Monday, April 10, 2023

I sabotaged Myself

​I self sabotaged and I'm so disappointed in myself!  Why do I do these things?


In my last post I was so excited because I actually had lost 5 Pounds.  True, it was due to a stomach bug.  But seriously, I don’t look a gift horse in the mouth!   I was pumped because I was determined that I was going to make sure that I didn’t gain that hard won weight back!  I had a plan!  I planned my weekend and I was ready to see it through.   


I took a day off on Friday so that I could clean the house and get everything in line.  I was on the go all day!  I implemented my plan.  I prepared the food that I needed and I was doing great!   I was exhausted by the end of the day because I was literally on the go from 5AM until 7PM!    Zoe stayed in step with me all day…she was one tired puppy!


Saturday is where it went downhill.  I started the day with heading down the road to see my mom.  I started early and had my water with me.  I do intermittent fasting so I SHOULD have been good until I got home at 12-1!  I ran a few errands on the way there and I couldn’t get food out of my mind!   I wanted food….junk food!   Yeah, I ended up getting a McDonald’s breakfast meal.  (Bacon egg cheese bagel).   First of all…there was no way I was really hungry!  Second of all…McDonald’s?     In my mind I was thinking,  ‘all is not lost, I can not eat lunch and I’ll make up the difference’.  Ha!  Famous last words!   I ate lunch when I got home.  Of course I did!   Dinner was Five guys.  Seriously, one burger is my full daily allotment of calories!   Ohhh. And that healthy snack that I had prepared…it went out the window when we ended up picking up a cake from the store.  Of course I had cake!     Saturday was a bust!


Sunday was Easter.   I nibbled in the morning while I prepped.  I ate a full lunch.   And I was honestly stuffed when I was done.  I wasn’t hungry for dinner.  But did that stop me from having a ham salad sandwich and a piece of cake?  Of course it didn’t!


  What is wrong with me????


The weekend was tiring!  I was on the go for pretty much every second …from sun up on Friday until sundown on Sunday.   I’m telling you…the pup mirrored my energy!



It’s Monday morning.  I recommenced exercise after my week off due to being sick.   My exercise and energy was totally lackluster.  I know it!  Mondays are typically more rough…so I’m not panicked.  
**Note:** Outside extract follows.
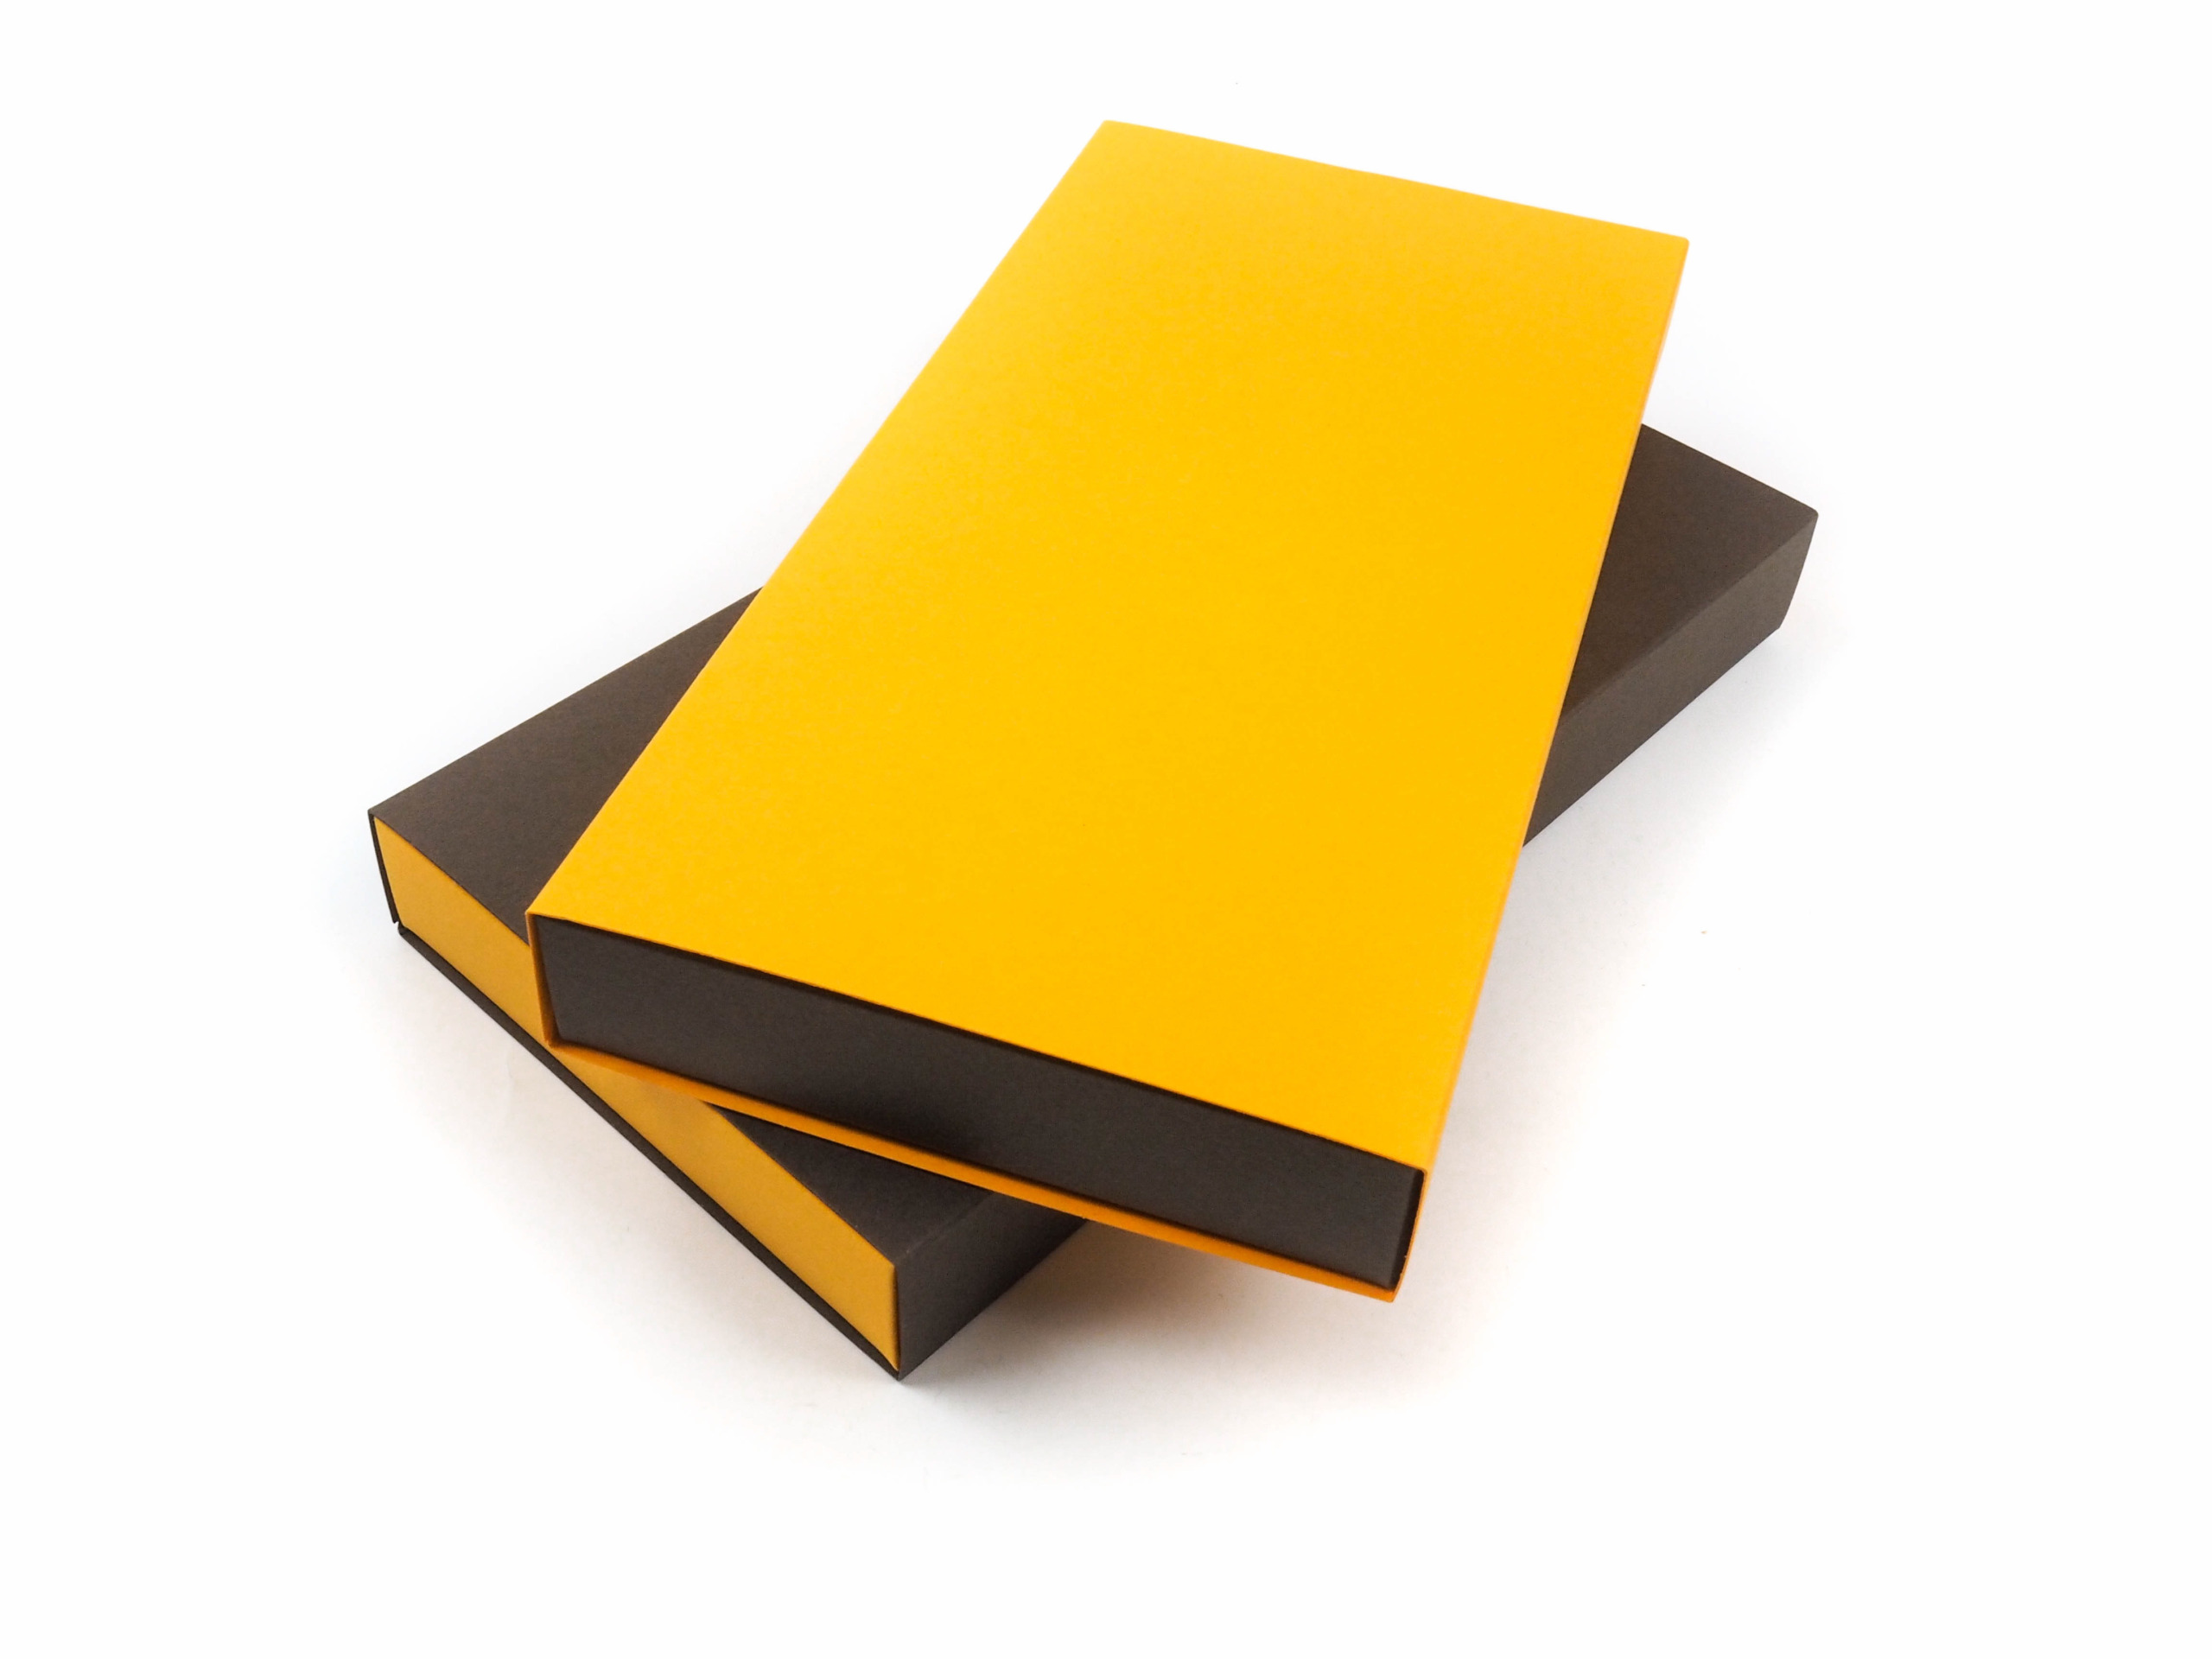 Dárková krabička byla vyrobena s požadavkem na vysouvání z boku a ve dvou barevném provedení.

I have to tally up points for the first week of April for my points challenge.    It was definitely NOT the week I envisioned when I planned my challenge.  But that’s ok.  I wanted to plan a challenge that would allow me to compete against myself and NEVER feel like a failure!  Beating last weeks number SHOULD be easy this week!!!








3 comments:

Amy said...

In the keto groups I am in there is a common phrase used that I love "progress, not perfection." I think that this is life and we have to accept that not every day/meal/week will be ideal but what matters is that you see it as a side trip instead of a new journey. You are still on track, you just took a little nook in the woods that led away from the path you want to be on and now that you found your path again just keep looking forward. You will get there if you keep returning to the path no matter what little detours you take along the way.

Anonymous said...

What about just relaxing for maybe a week and see if it just happens naturally? You know what to do. Eat, track weigh. Pretty simple. And not for nothing, you and your hubby have been through so many stresses no wonder this has been hard for you!!

And let's not forget about working from home where food is easy to get to. All tough.

Give yourself some self love :) Don't you think you are worth that ? And don't forget LiFE isn't slowing down for you to get skinny. You don't know what lies the next day. I follow a guy who lost a ton of weight and he passed away on Christmas Eve of '22 . So all that and at the very young age he is no longer here. Live for today.

Just live for you and your husband and your puppy. I think if you drop all the contests and tracking and weighing and so on you might see that you'll be Ok.

Mrs Swan said...

I FEEL YOUR PAIN on the question of what is wrong with you. That is something I would have done as well.